Omdat het formuleren van regiobeelden een afspraak uit de hoofdlijnakkoorden is, is
de scope van het onderzoek beperkt tot de zorgdomeinen die aansluiten bij de partijen
die de hoofdlijnakkoorden hebben ondertekend. Dit betekent dat de medisch specialistische
zorg, de geestelijke gezondheidszorg, de huisartsenzorg, de wijkverpleging en paramedische
zorg onderdeel uitmaakten van het onderzoek. Het sociaal domein, inclusief welzijnswerk
en jeugdzorg, de zorg- en veiligheidsketen, gehandicaptenzorg en specifieke vormen
van zorg zoals hospicezorg vielen buiten de scope van het onderzoek. Dit betekent
dat zij niet actief zijn bevraagd door het onderzoeksbureau, maar dat betekent niet
dat zij niet betrokken zijn bij het maken van regiobeelden. Op pagina 19 van het rapport
is te lezen in hoeverre deze partijen volgens respondenten betrokken zijn. Daar waar
groepen ondervertegenwoordigd zijn zal ik dit nogmaals onder de aandacht brengen bij
de partijen die de hoofdlijnakkoorden hebben ondertekend en samen met hen verkennen
hoe we deze betrokkenheid beter kunnen borgen.
19.
Klopt het dat fysiotherapie tot nu toe te weinig betrokken is bij het tot stand komen
van regiobeelden? Zo ja, hoe worden de fysiotherapeuten in het vervolg van het proces
erbij betrokken?
Ja, dit klopt. Paramedici, waaronder fysiotherapeuten, zijn in slechts 5 tot 10% van
de initiatieven betrokken. Als reden hiervoor wordt de lage organisatiegraad van paramedici
genoemd. Over dit onderwerp zijn al afspraken gemaakt in de Bestuurlijke Afspraken
Paramedische Zorg 2019–20223. De partijen die deze afspraken hebben ondertekend, hebben een plan van aanpak opgesteld
om de organisatiegraad te verhogen. In dit plan is expliciet aandacht voor de wijze
waarop de aansluiting van paramedici op regiobeelden kan worden verbeterd.
20.
Als 81% van de regiobeelden gereed is, 16% in ontwikkeling en 0,3% op te starten is,
wat is dan de stand van zaken voor de overige 2,7%?

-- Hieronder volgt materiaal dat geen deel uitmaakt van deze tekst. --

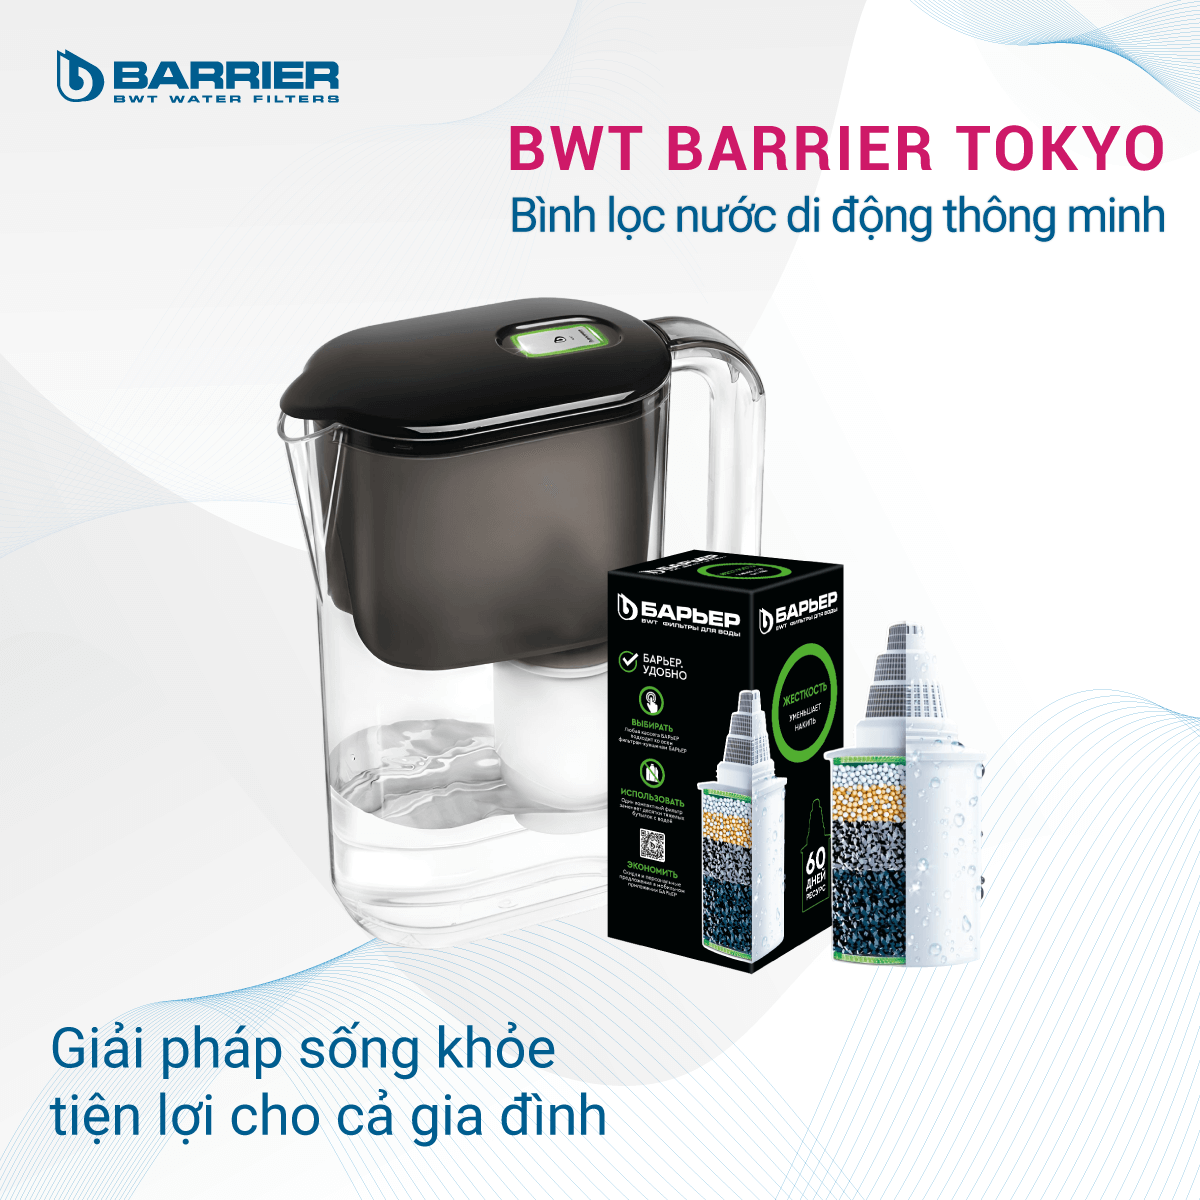 Bình lọc nước di động thông mình BWT Barrier Tokyo chính hãng tại Thế Giới Điện Giải

Uit navraag bij het onderzoeksbureau blijkt hier sprake te zijn van een typefout.
In plaats van 0,3% is 3,0% van de regiobeelden nog op te starten, zoals ook is af
te leiden uit de beschreven resultaten in hoofdstuk 3 (figuur 4).
21.
Voor welke regio is het regiobeeld van de zorgverzekeraar nog niet gereed?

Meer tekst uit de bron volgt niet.